But I think a sensible, rooted Jewish approach to tikkun olam doesn’t abandon either the first or the second or the third story.  We maintain hope and affirm the value of the world and of each other.  We work with each other as real, partly divine, complicated individuals to find the holy sparks and repair our world.

III. We’re living on borrowed land.

We’re living on borrowed land. That’s the astounding claim of the Biblical tradition: Exodus 19:5 says “the whole earth is Mine” [i.e. God’s]; Leviticus 25:35 instructs, “the land shall not be sold in perpetuity, for the land/earth is Mine, for you are sojourners or temporary residents with Me”; Psalm 24:1 celebrates, “the Earth is GOD’s and all its fullness, the globe and all that dwell thereon!”

What might it mean to say that the “Earth is God’s?” Is it “true” in any significant way?  What are the implications for Jewish personal, social, and political life; for our understanding of tikkun olam?

One thing that’s certain, though often forgotten, is that we didn’t create the Earth.  Whatever our accomplishments or wealth, they depend on the gift of resources not of our own making.  Everything we do is utterly dependent on soil and water and sun.  Also on knowledge, social systems, and more delivered to us by people who lived before us.  With extremely rare exceptions (such as a fully self-sufficient farmer), also on the labor of others.  Who are the great individuals?  Einstein? Steve Jobs?  Neither could have done their work without the prior work of the pioneers of electromagnetism, Faraday and Maxwell.  Neither could have done their work without copper miners, nor without copper itself.  One of the things the notion of God’s ownership of the Earth teachers us, or reminds us, is that we are all dependent on gifts not of our own making.  Psalm 100:3 puts it this way: “d’u ki Adonai hu Elohim; hu asanu v’lo anahnu.”  This is one of the biblical verses which are traditionally read differently than they are written: in this case “v’lo” is written with an aleph at the end and read with a vav. Both ways result in a teaching relevant to our issue.  The written version reads, “Know that THE CREATING is God; It is the one that made us, not we ourselves.”  The read version concludes “It is the one that made us, and we belong to It.” 

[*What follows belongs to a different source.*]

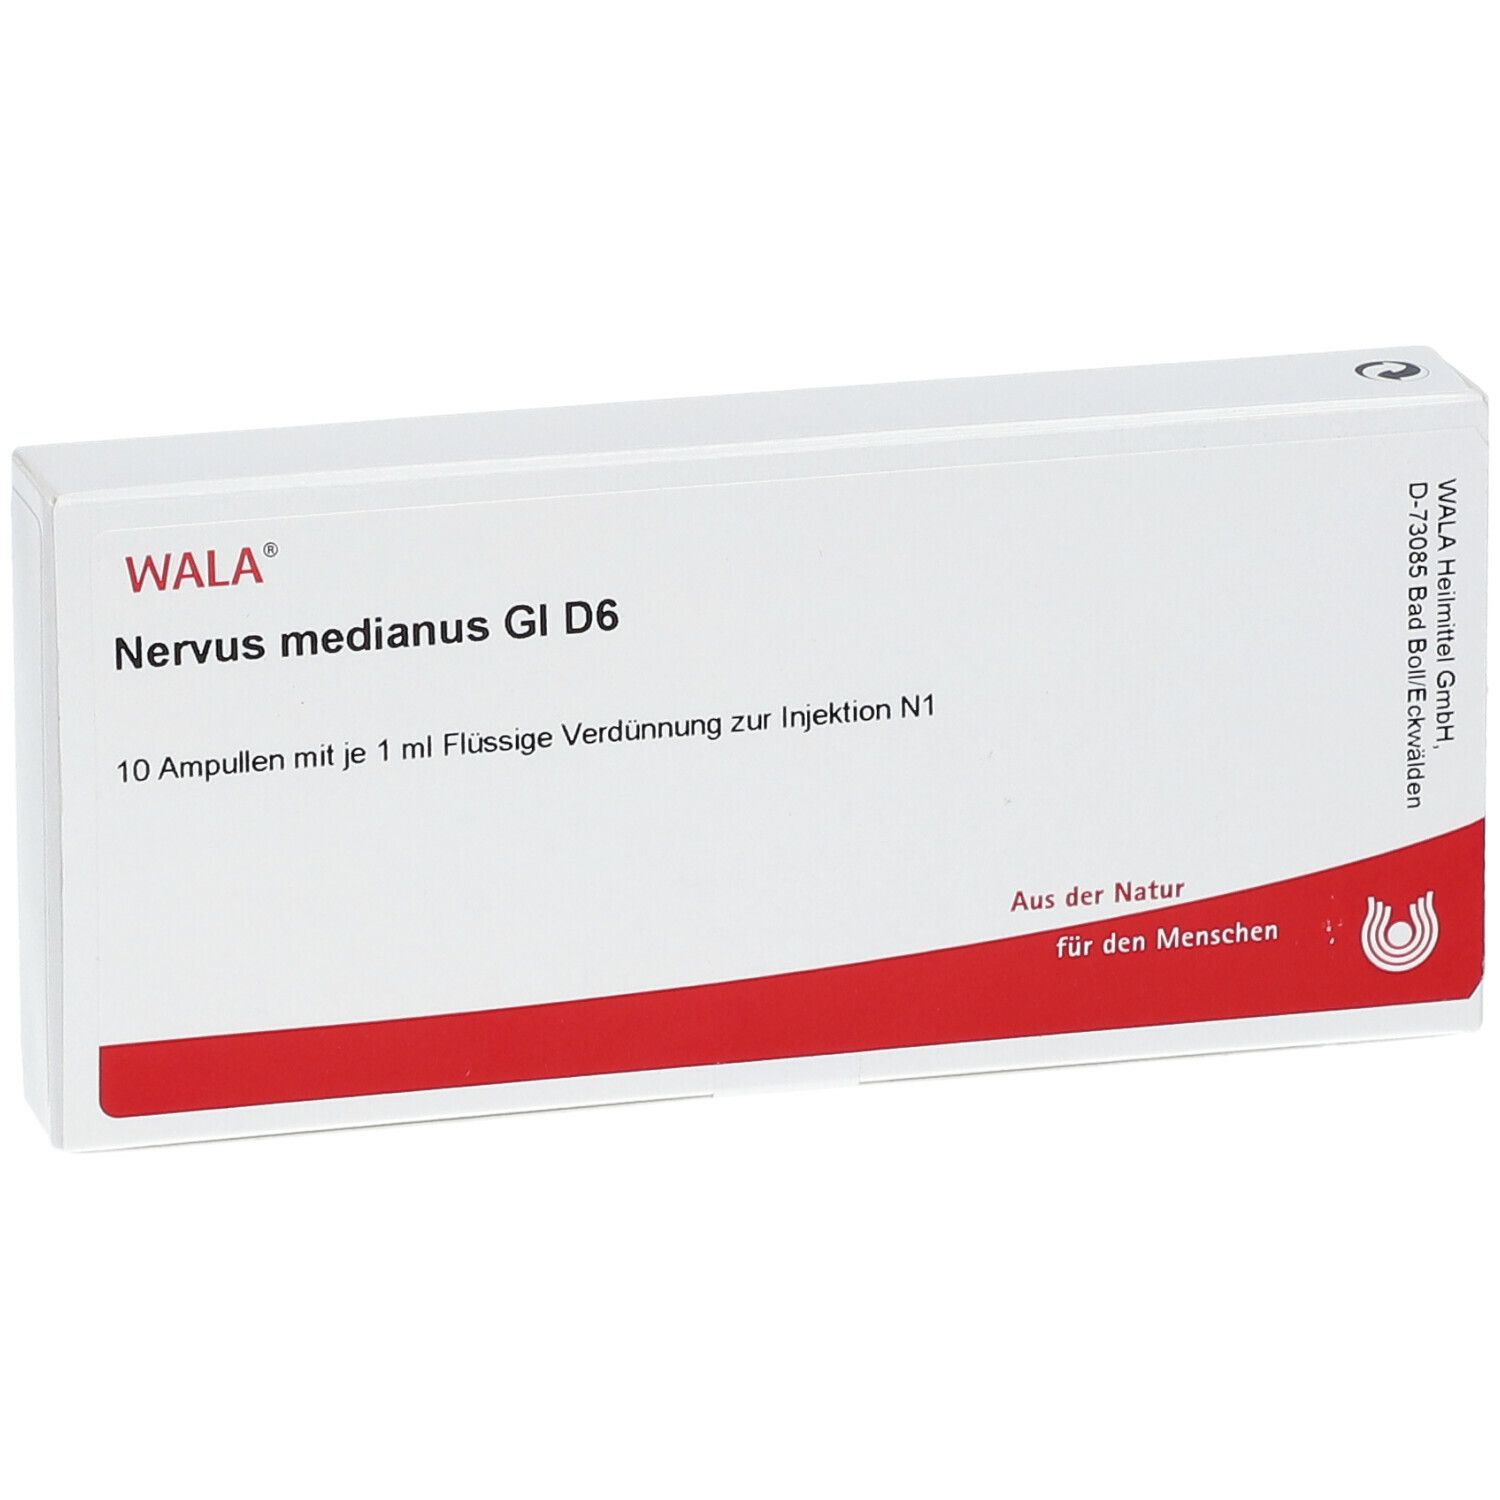 WALA® Nervus medianus Gl D 6

So the notion of the “self-made man” is literally false.  In our religious, Jewish language, we would say it’s “blasphemous,” denying the divine gifts that make all of us and are necessary for all we do. 

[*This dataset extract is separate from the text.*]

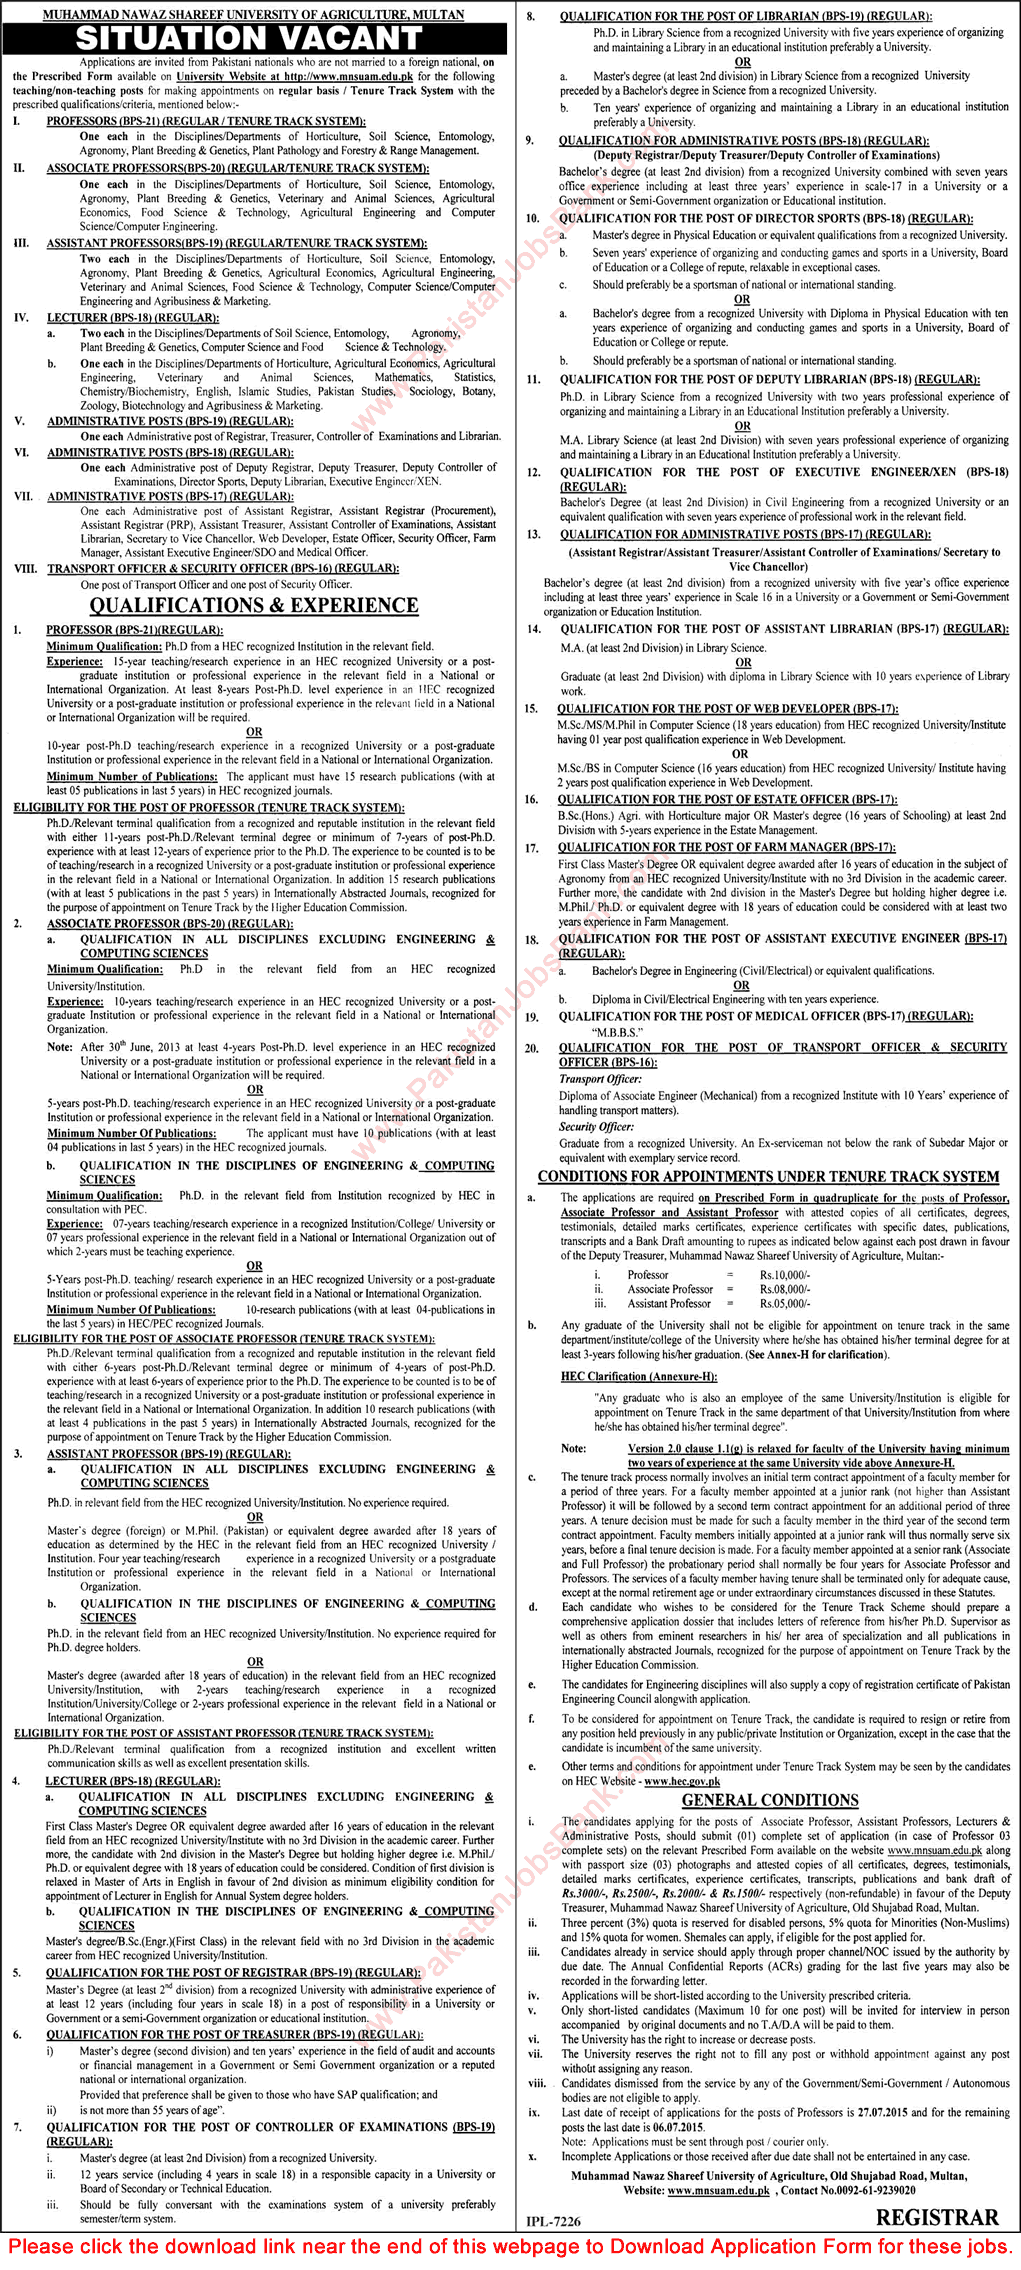 Jobs in Muhammad Nawaz Shareef University of Agriculture Multan 2015 May / June Application Form

While the divine ownership of the earth is a reminder of the gifts we’ve received from the past, it also reminds us of the claims of the infinite future.  The Earth doesn’t belong to our generation alone, it belongs to ETERNITY. 

Finally, the divine ownership of the Earth is a statement of the Earth’s inherent holiness.  As God’s property, it has certain rights itself.

What are the implications of this notion?
Clearly, one implication is that we have an obligation to care for the Earth.  We should care for it as if it were on loan to us, as if it were a precious gift, as if it belonged to God.  In Jewish language, this was included in Jewish law under the mitzvah of “bal tash’hit – do not destroy.”  Long before the modern “green” movement, Jewish law forbade using resources wastefully, without respect for their divine origin.  (Note that often assigning property rights to individuals and having them trade in markets is an excellent way to promote non-wasteful uses of resources.  In those situations where market mechanisms work, those mechanisms should be used.  But when they don’t work, other methods should be used.  I’ll say a bit more below about what makes markets not work – externalities, power imbalances among traders, lack of information for traders, lack of competition, etc. I believe those imperfections are widespread, so that there are wide swaths of the economy for which markets should be strongly regulated or replaced by other mechanisms. But a full explanation is beyond the scope of this essay.)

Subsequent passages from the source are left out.